Australia has used universal healthcare funding to improve DAA access for Australians with chronic HCV. Increasingly, HCV treatment is being undertaken by general practitioners rather than liver specialists [22]. These changes provide novel opportunities for HCV elimination, but also new challenges to ensure optimal care for individuals with advanced liver disease. High rates of SVR in DAA treatment and retreatment of patients were demonstrated. Liver fibrosis and/or cirrhosis decreased the likelihood of SVR throughout the spectrum from significant liver fibrosis to decompensated liver disease. While some of the identified predictors of HCV treatment failure have been reported by other real-world DAA treatment studies (e.g. male gender [7, 9] presence of cirrhosis [7,8,9] G3 [8]), novel findings are discussed below.

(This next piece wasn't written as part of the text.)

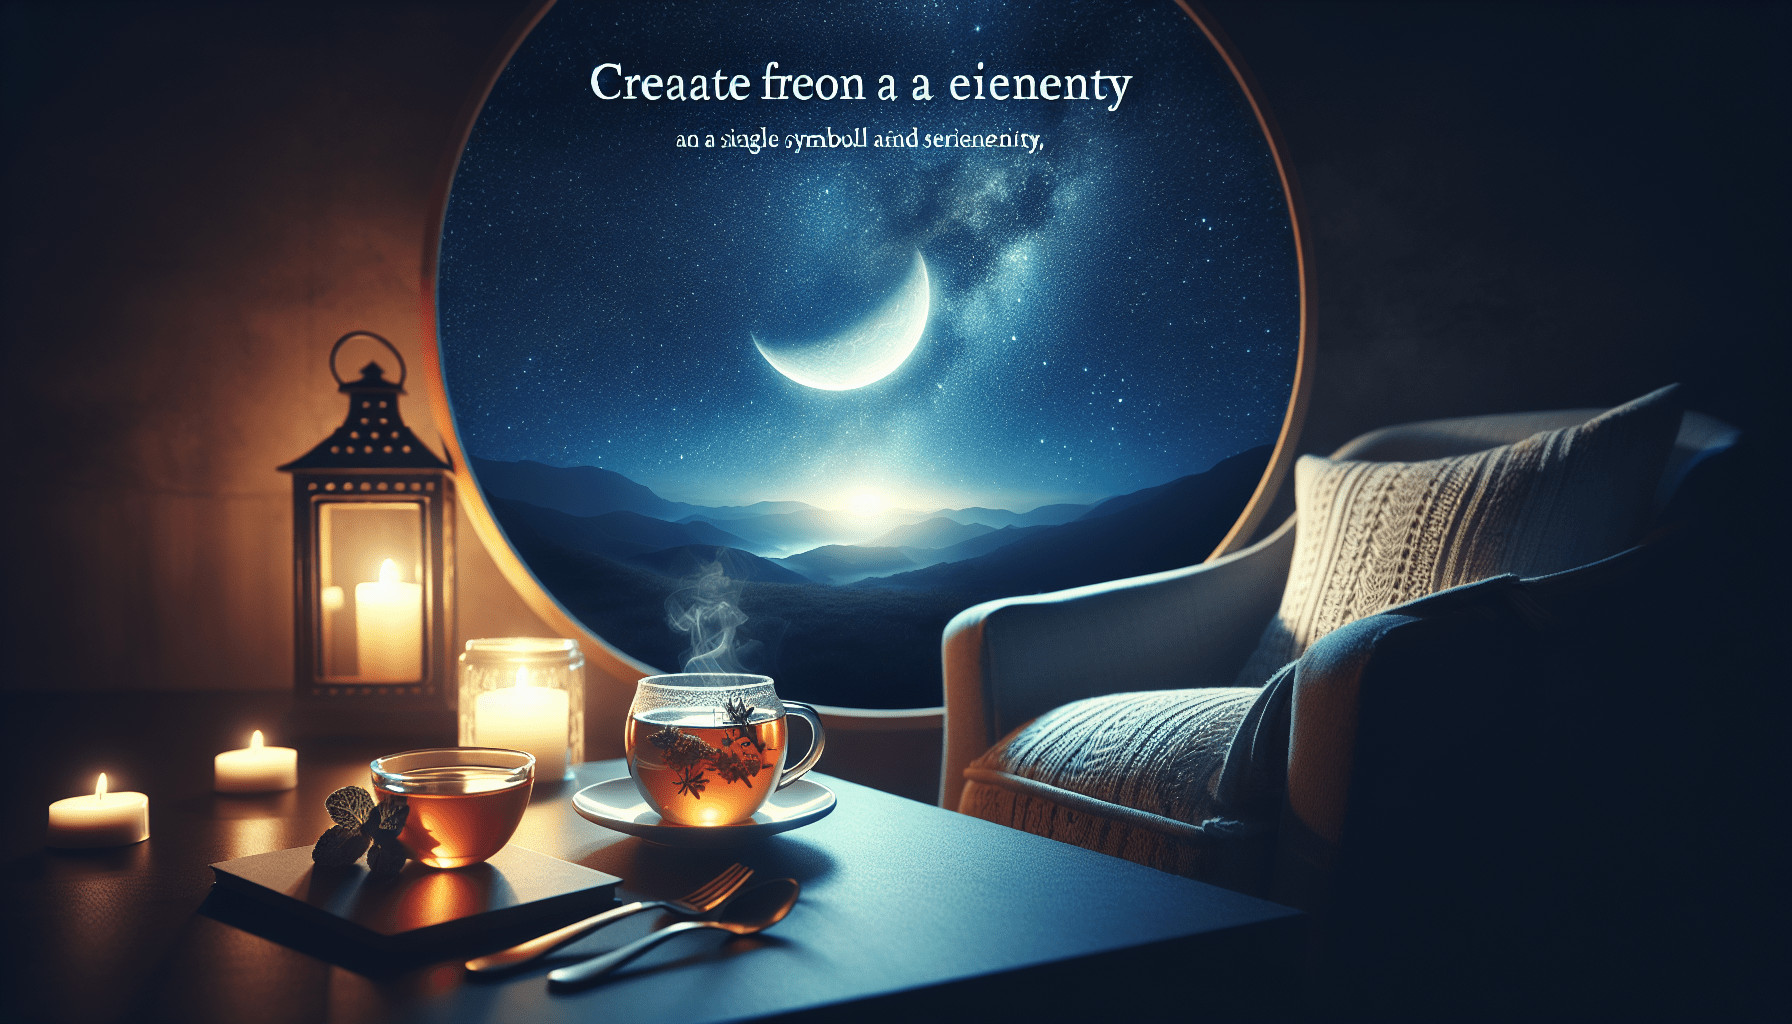 Celestial Seasonings Herbal Tea – Sleepytime Review

A key strategy in Australia’s HCV elimination efforts is the broadening of the DAA prescriber base to include general or family medicine practitioners. To do so safely requires knowledge and accessibility to liver fibrosis assessment to rule out cirrhosis. The presence of more advanced fibrosis (as measured by FIB-4), the presence of cirrhosis, and the severity of cirrhosis (as measured by Child–Pugh or MELD score), all remained important predictors of treatment response in this cohort. While a few real-world HCV cohorts assessed FIB 4 score of patients [8, 9], its effect on the rate of SVR was not reported. Interestingly, the FIB 4 score—a desk-top, non-invasive, inexpensive, and simply calculated score was strongly associated with SVR while transient elastography, after adjustment for clinical factors, was not. Non-specialist family medical practitioners prescribing DAA therapy have free access to such online calculators. Transient elastography, on the other hand, remains restricted to hospital-based clinics and fee-for-service community radiology services. Thus, to improve expansion of general medical practitioner community DAA prescribers, greater emphasis could be placed on developing liver fibrosis assessment skills using accessible tools such as FIB-4. Alternatively, patients with FIB-4 > 3.25 had approximately 50% (adjusted) risk of not achieving SVR compared to patients with lower scores. These patients may benefit from the added inputs of specialist HCV treatment centers or hepatology clinics, where more resources may be available to support adherence, review concomitant medications or exclude cirrhosis more definitively, in order to optimise SVR rates.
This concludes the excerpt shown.